Löger zu Mindestsicherung: "Gerade in Wien wäre es vernünftig"
KURIER: Die Stadt Wien will die aus ihrer Sicht unsoziale Mindestsicherung Neu nicht umsetzen. Welche Sanktionsmöglichkeiten hat da der Bund?
Hartwig Löger: Ein Gesetz ist umzusetzen. Wenn es, so wie angekündigt, Widerstand gibt, wird das verfassungsrechtlich geklärt. Aus meiner Sicht würde die Mindestsicherung dann in die Verantwortung des Bundes zurückfallen. Aber gerade im rot-grünen Wien, wo das Budget durch den Zuwachs bei der Mindestsicherung massiv belastet ist, wäre es finanzpolitisch vernünftig, die Maßnahmen mitzutragen.

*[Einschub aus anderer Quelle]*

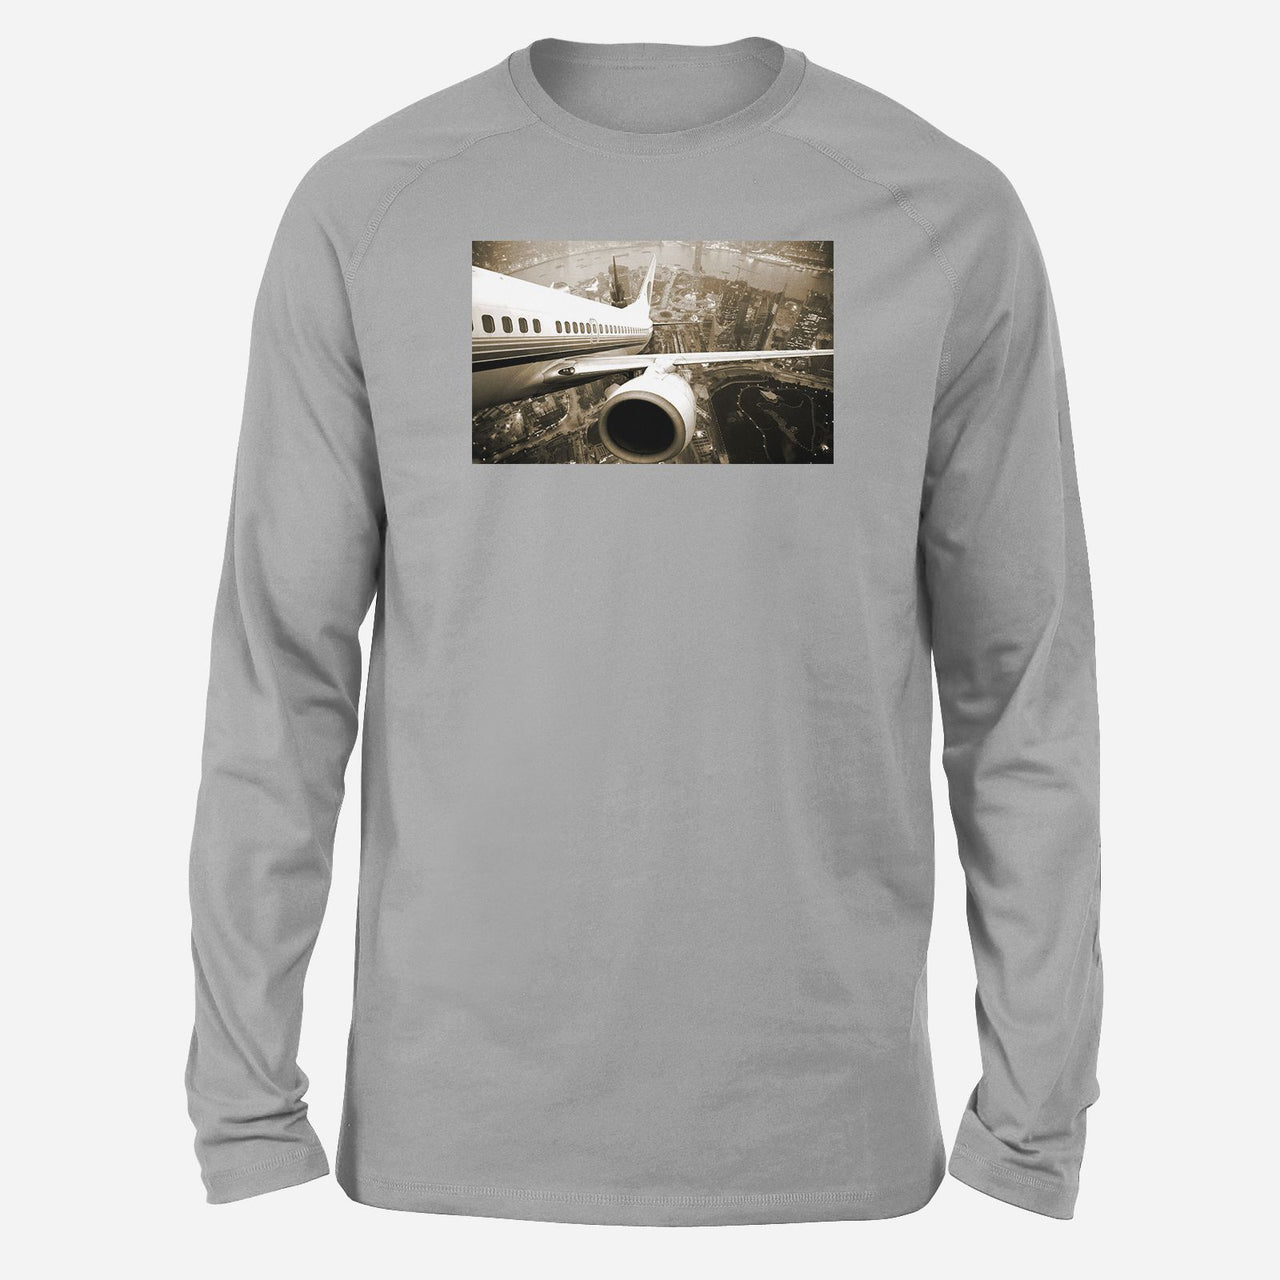 Departing Aircraft & City Scene behind Designed Long-Sleeve T-Shirts
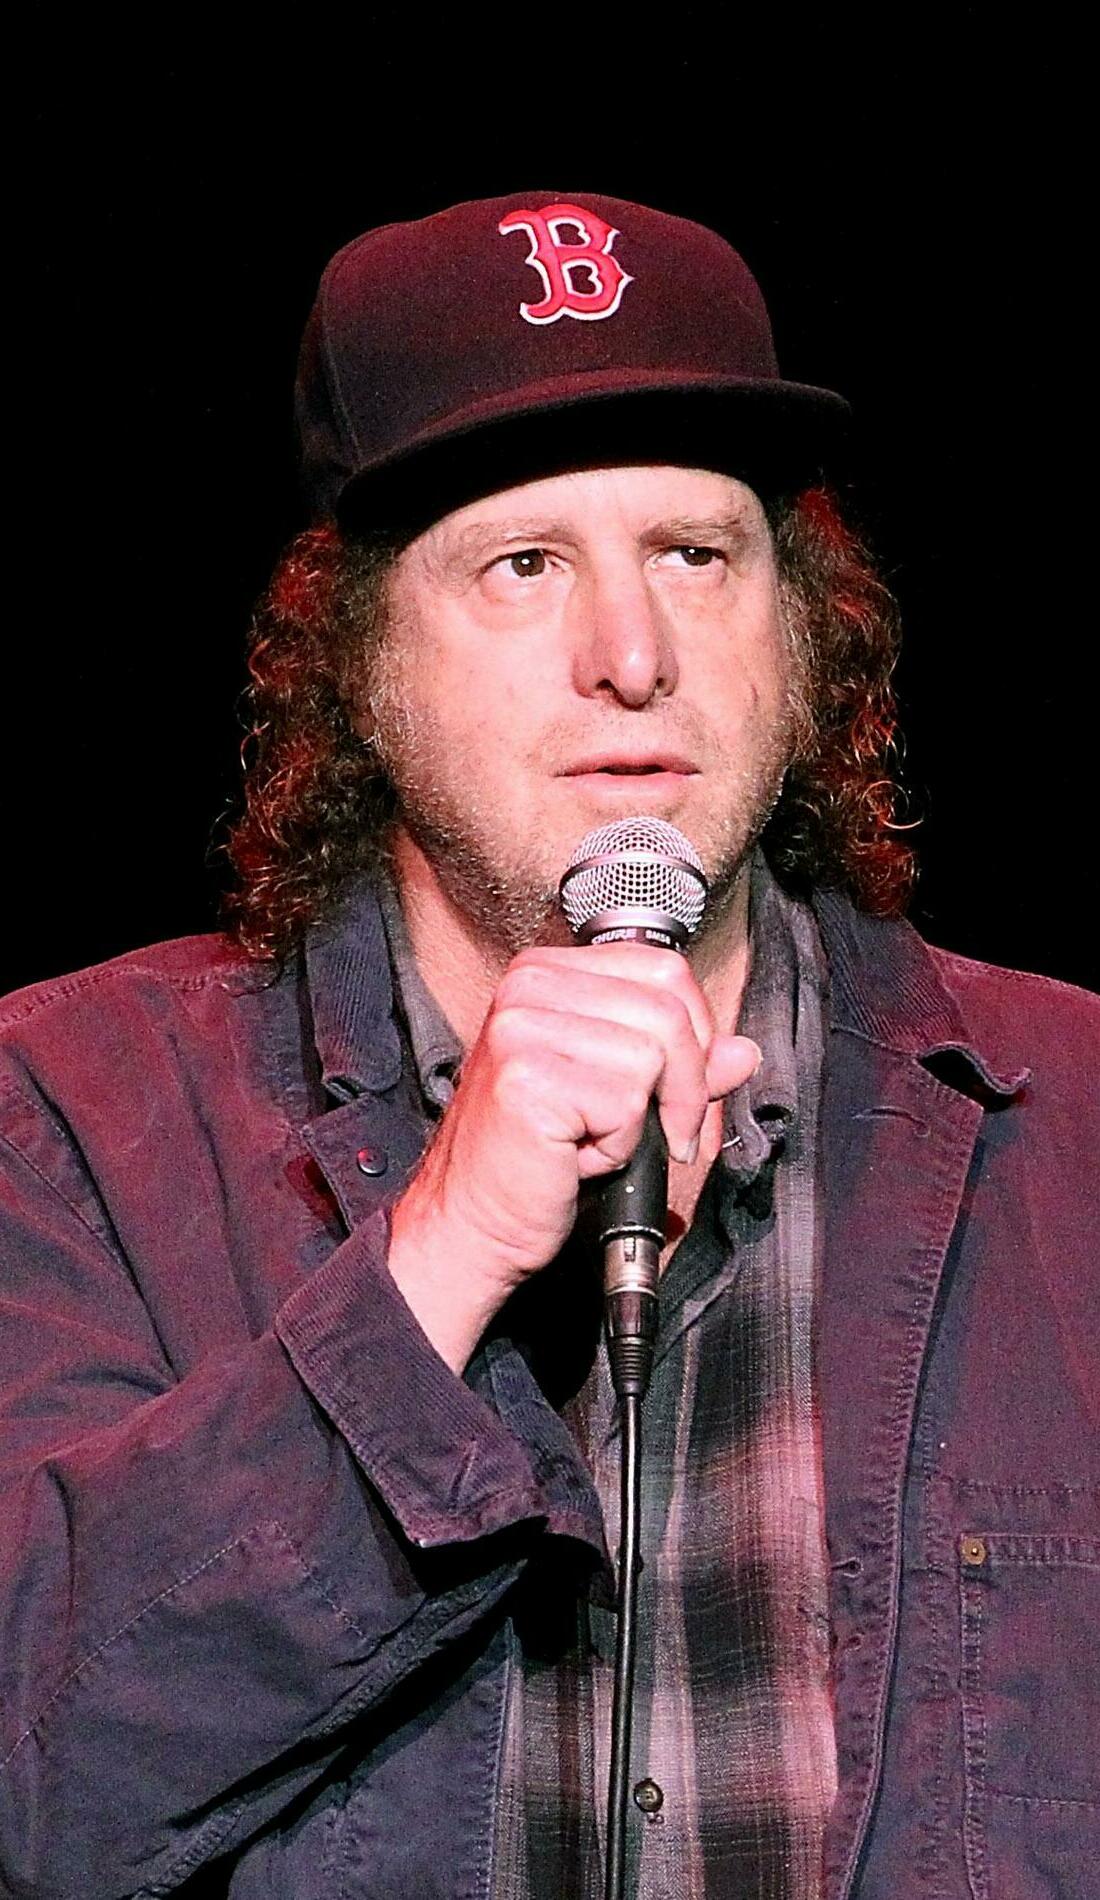 A Steven Wright live event

Sie wollen bis 2022 4,5 Milliarden Euro für die Steuerreform aufbringen. Laut Wifo-Expertin Margit Schratzenstaller fehlen Ihnen noch zwei Milliarden. Wie wollen Sie die einsparen?
Wir haben schon im Doppelbudget 2018/19 Einsparungen von 2,5 Milliarden Euro eingeplant, etwa bei Bundesförderungen, ausgelagerten Agenturen, Mieten. Da müssen wir diszipliniert und konsequent weitergehen. Ich selbst habe in meinem Ressort eine Finanzverwaltungsreform gestartet, die wir 2020 umsetzen.
Aber nach einer echten Staatsreform schaut das nicht aus.
Daran arbeitet Minister Josef Moser intensiv.
Es wird kritisiert, dass die kalte Progression nicht abgeschafft, sondern in die nächste Legislaturperiode verschoben wird. Warum nicht gleich?
Das Ziel war von Anfang an, 2020 mit der Entlastung bei den Geringverdienern zu beginnen. Das tun wir mit der Senkung der Sozialversicherungsbeiträge. Eine Abschaffung der kalten Progression würden die Geringverdiener kaum spüren. Als nächstes werden dann kleine und mittlere Einkommen mit der Tarifreform entlastet. Erst danach, 2022, ist der richtige Zeitpunkt für eine Abschaffung der kalten Progression.
Die SPÖ sagt, mit der Senkung der Sozialversicherungsbeiträge werde die Teilzeitarbeit gefördert, denn so wenig verdienen nur Teilzeitarbeitende.
Ich sehe eher den deutlichen Vorteil, dass wir so Menschen in Arbeit bringen, weil sie dadurch eben auch entsprechende Vorteile haben.
Es gab eine kurze Diskussion um eine Anhebung der – hierzulande eher niedrigen – Mineralölsteuer und eine gleichzeitige NoVA-Abschaffung. Schreckte man wegen der französischen Gelbwestenproteste zurück, die genau wegen einer Erhöhung der Treibstoffpreise ausgebrochen sind?
Wir haben das schon im vergangenen Frühjahr diskutiert – da gab es noch keine Gelbwesten in Frankreich. Damals wurde auf EU-Ebene die Berechnungsbasis für den CO₂-Ausstoß von Fahrzeugen neu geregelt. Das führte dazu, dass die NoVA-Besteuerung für die einen Autos günstiger, für andere höher wurde.
Der ARBÖ sagt, seit September ist sie um 51 Prozent gestiegen.
Das kann ich nicht nachvollziehen. Wir gingen damals von einem Anstieg um 20 Prozent aus. Die Frage ist, inwieweit es Sinn macht, das auszugleichen. Eine Streichung der NoVA und ein Ausgleich über die Mineralölsteuer kommt für Österreich nicht infrage. Als Land mit vielen Grenzen und starkem Transitverkehr können wir uns das nicht leisten.
Es geht also um Cash für den Finanzminister?
Nein, es geht um eine vernünftige Ökologisierung.
Aber eine MöSt-Erhöhung wäre ja eine Ökologisierung.
Wir wollen eine Ökologisierung, die fair ist und nicht in erster Linie jene Menschen trifft, die auf ihr Auto angewiesen sind. Viele Pendler sind Geringverdiener und wären von so einer Maßnahme massiv betroffen. Die NoVA braucht eine Lösung, aber nicht in einer Erhöhung der Mineralölsteuer.
Es gibt Gerüchte, wonach es Sie nach Brüssel ziehen könnte.
Ich wurde noch nicht gefragt und habe derzeit auch kein großes Interesse, nach Brüssel zu gehen.